PROBLEM REQUIREMENTS - Omit the pictures and extract only the lines from the line containing "Fantasy Decorative İngiltere" to the end of the material, each exactly as written.

### INFORMATION SHOWN ###

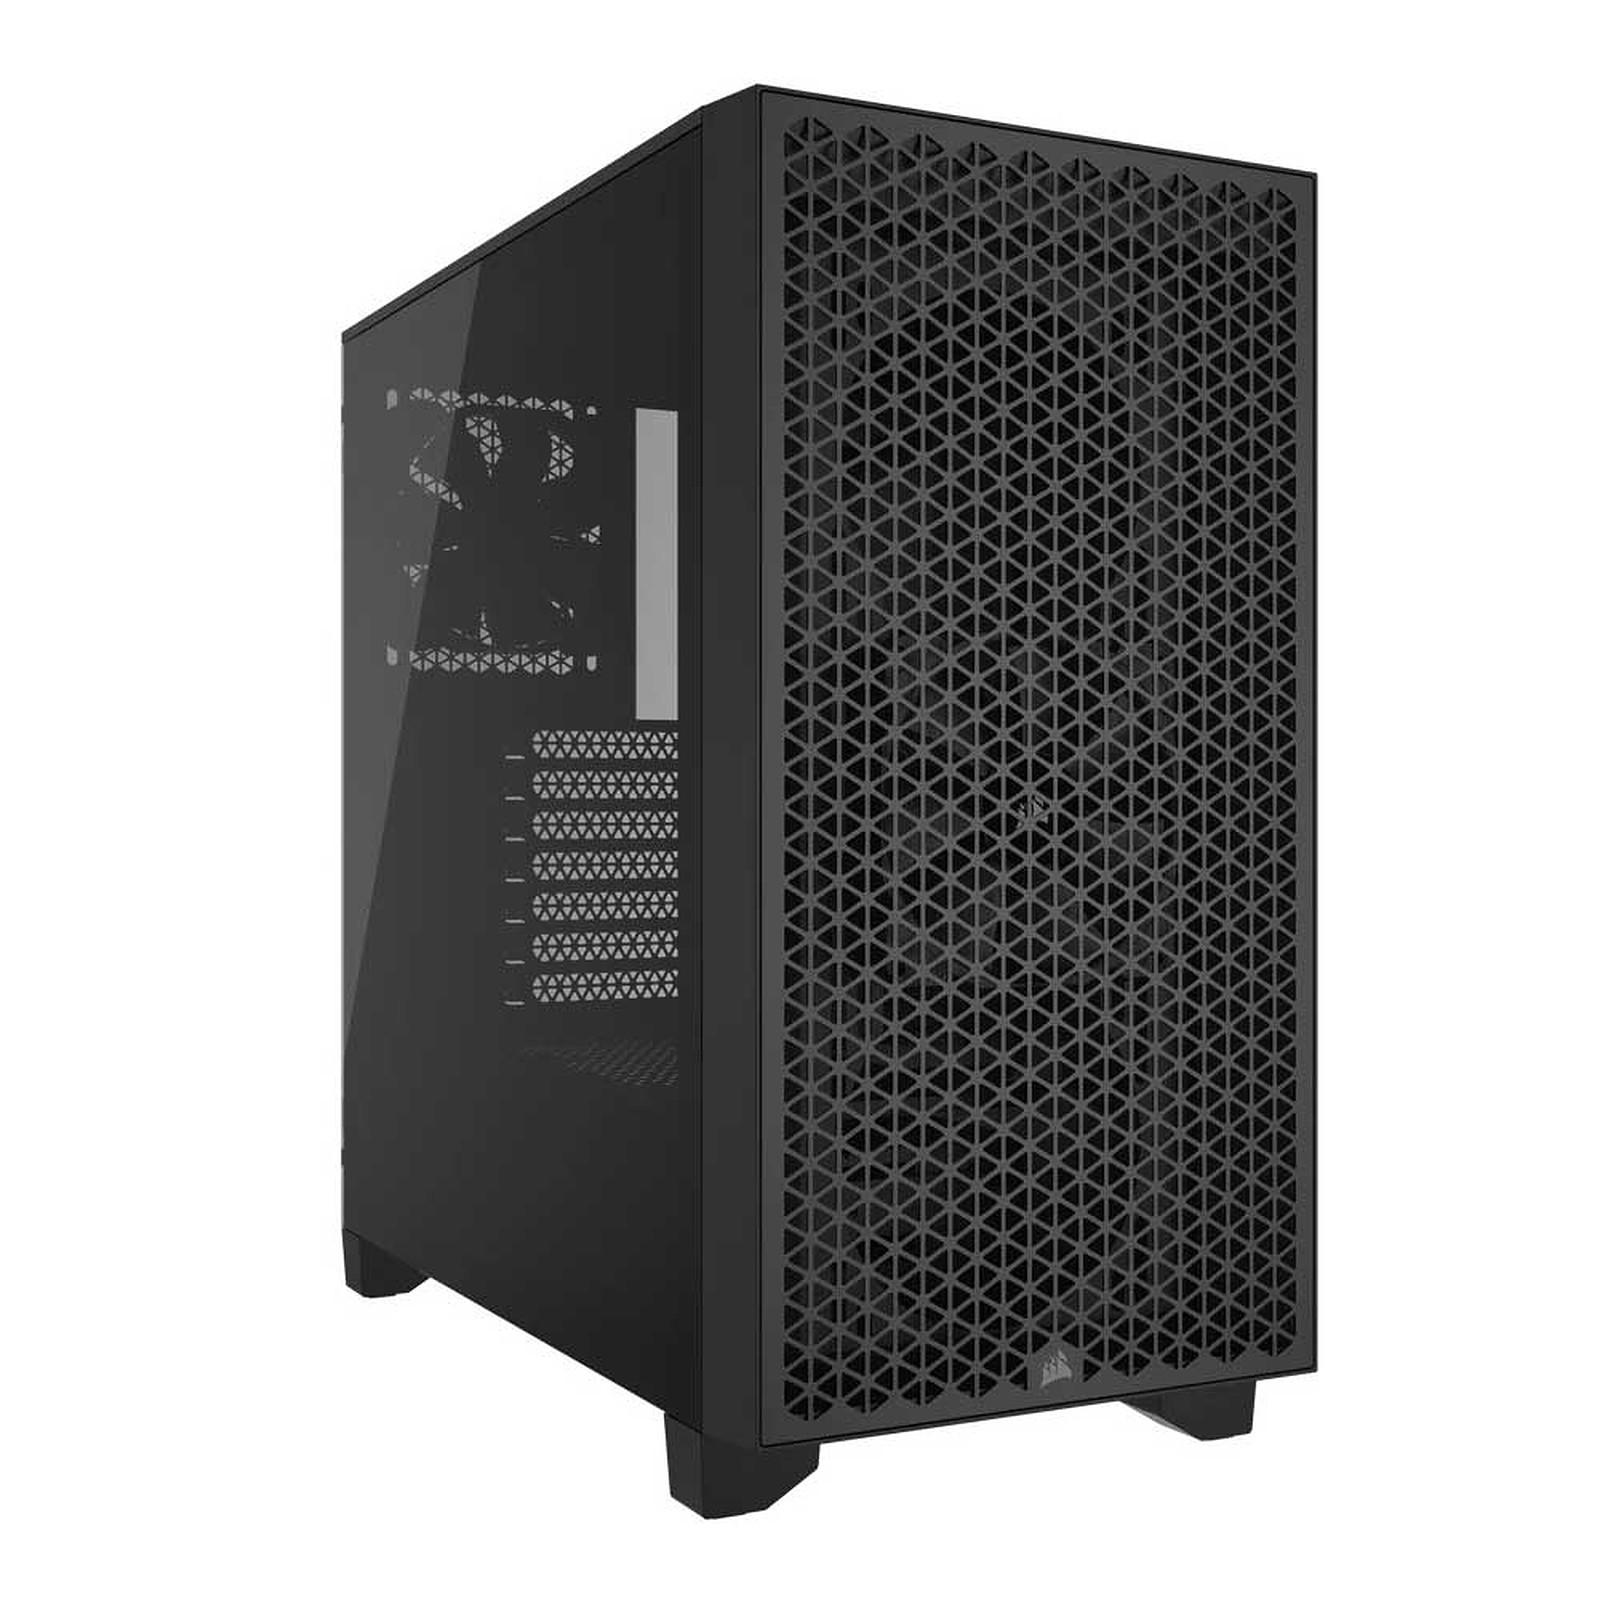 3000D AIRFLOW MID-TOWER PC CASE BLACK
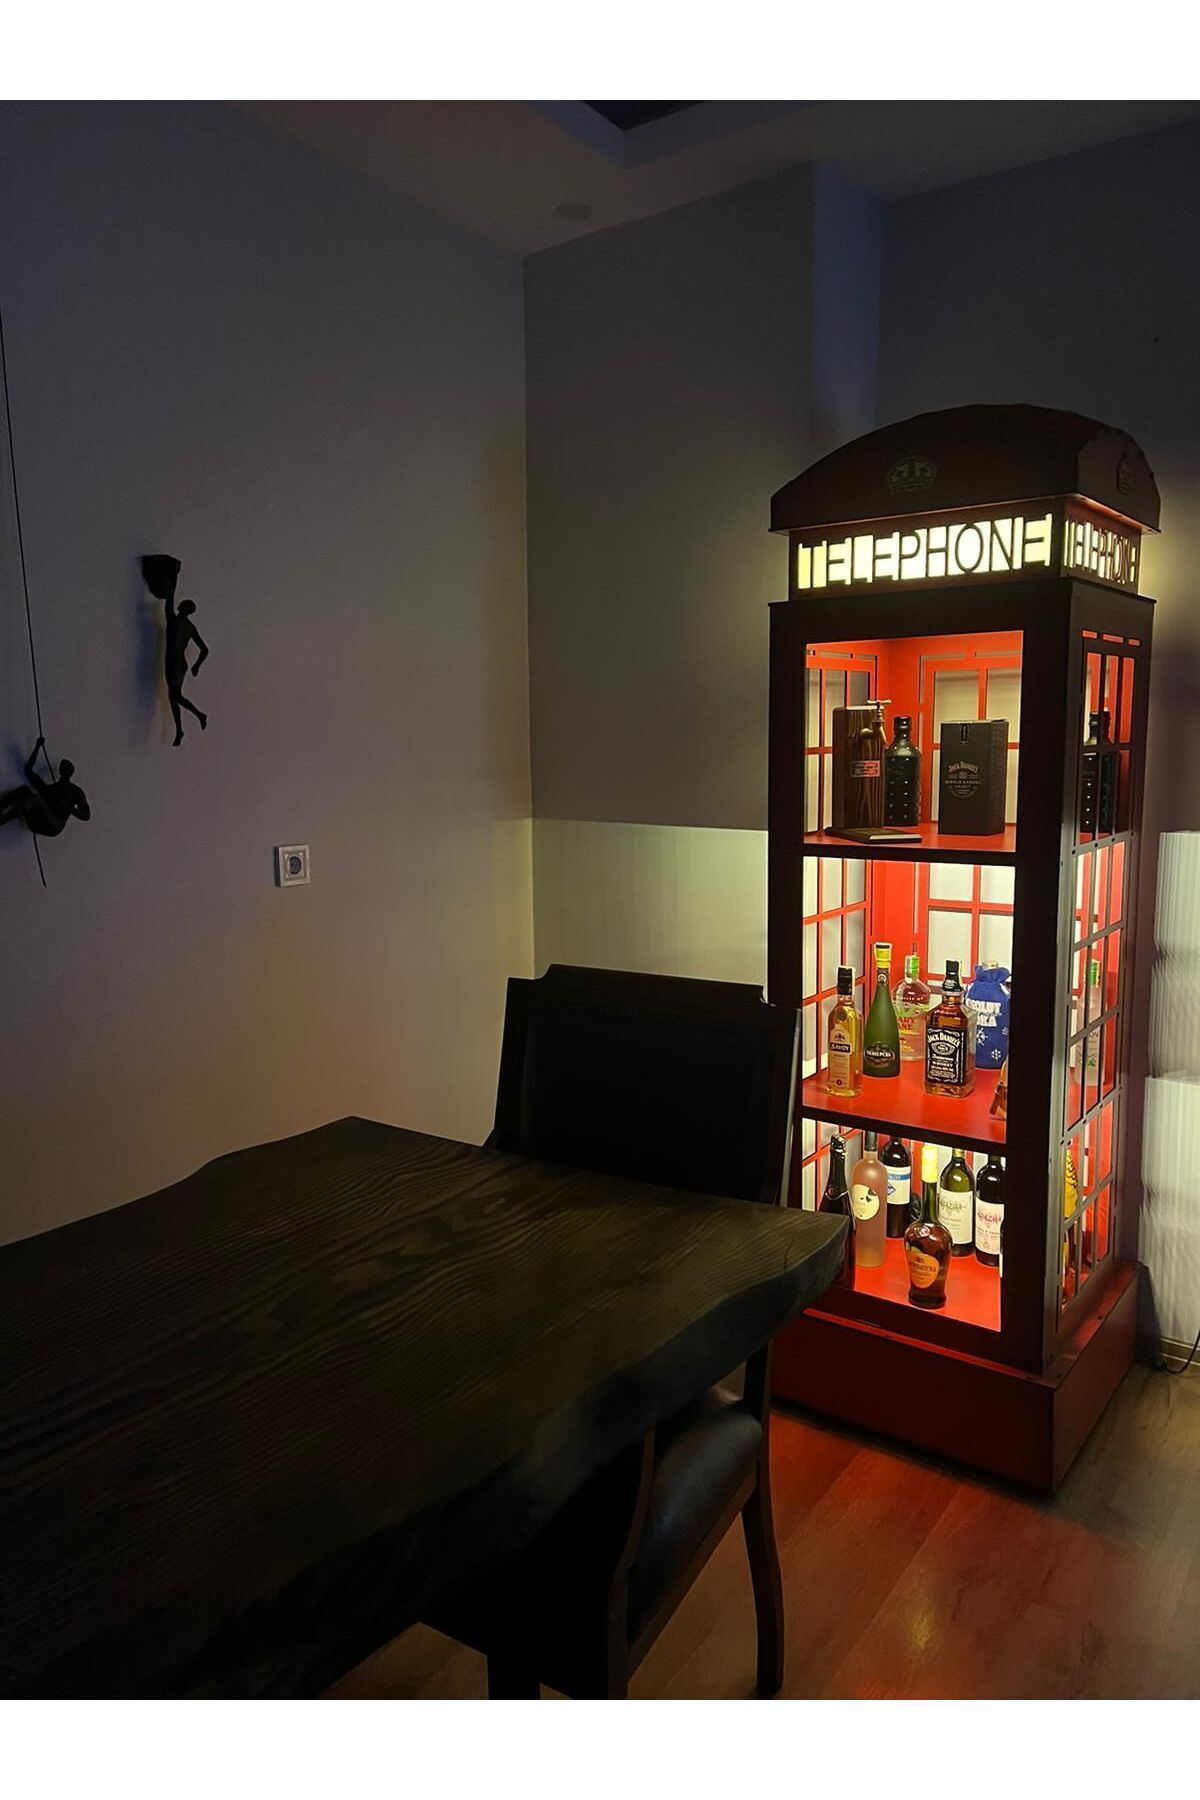 Fantasy Decorative İngiltere Telefon Kulübesi Kitaplık // Kişiye Özel Ayarlanabilir Kitaplık
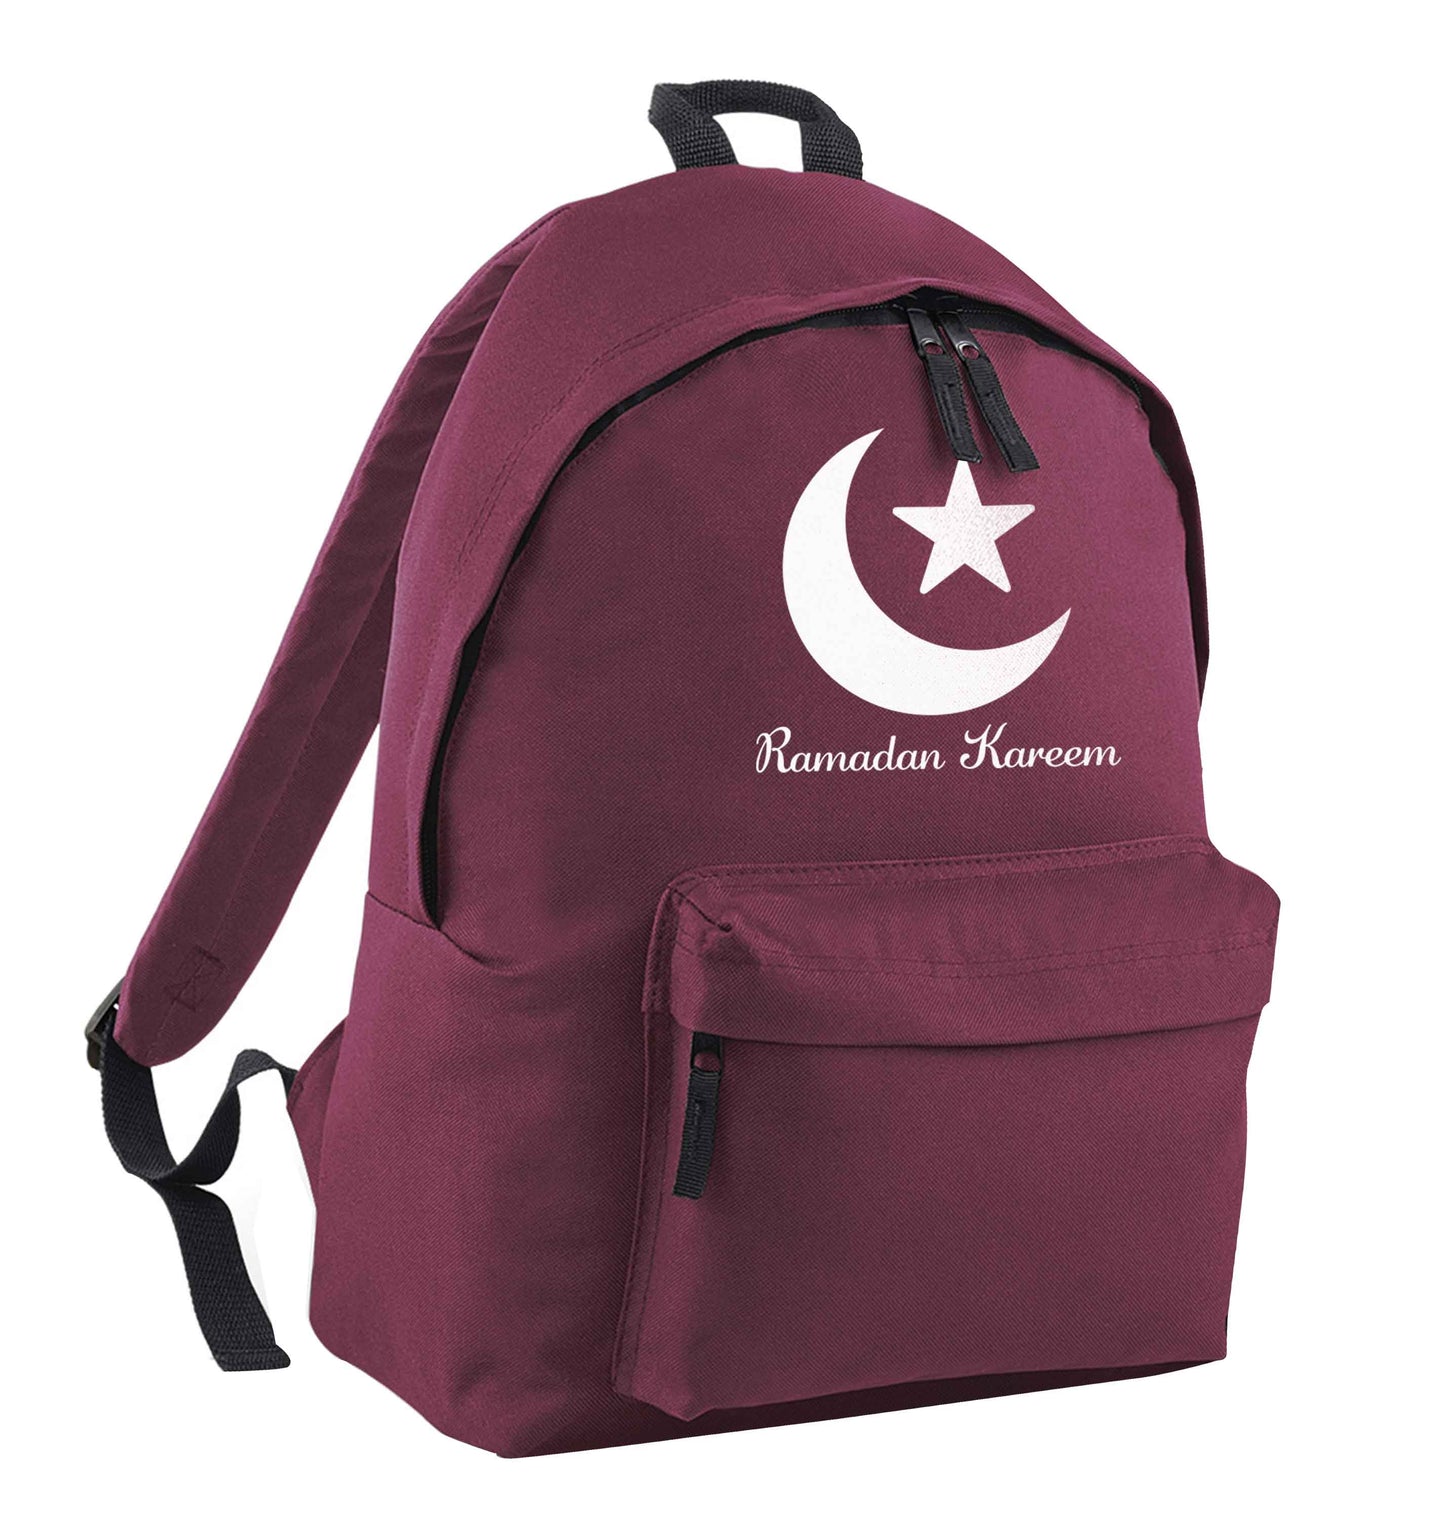 Ramadan kareem maroon adults backpack

###

RESULT OF THE EXERCISE -
 Fantasy Decorative İngiltere Telefon Kulübesi Kitaplık // Kişiye Özel Ayarlanabilir Kitaplık
 Ramadan kareem maroon adults backpack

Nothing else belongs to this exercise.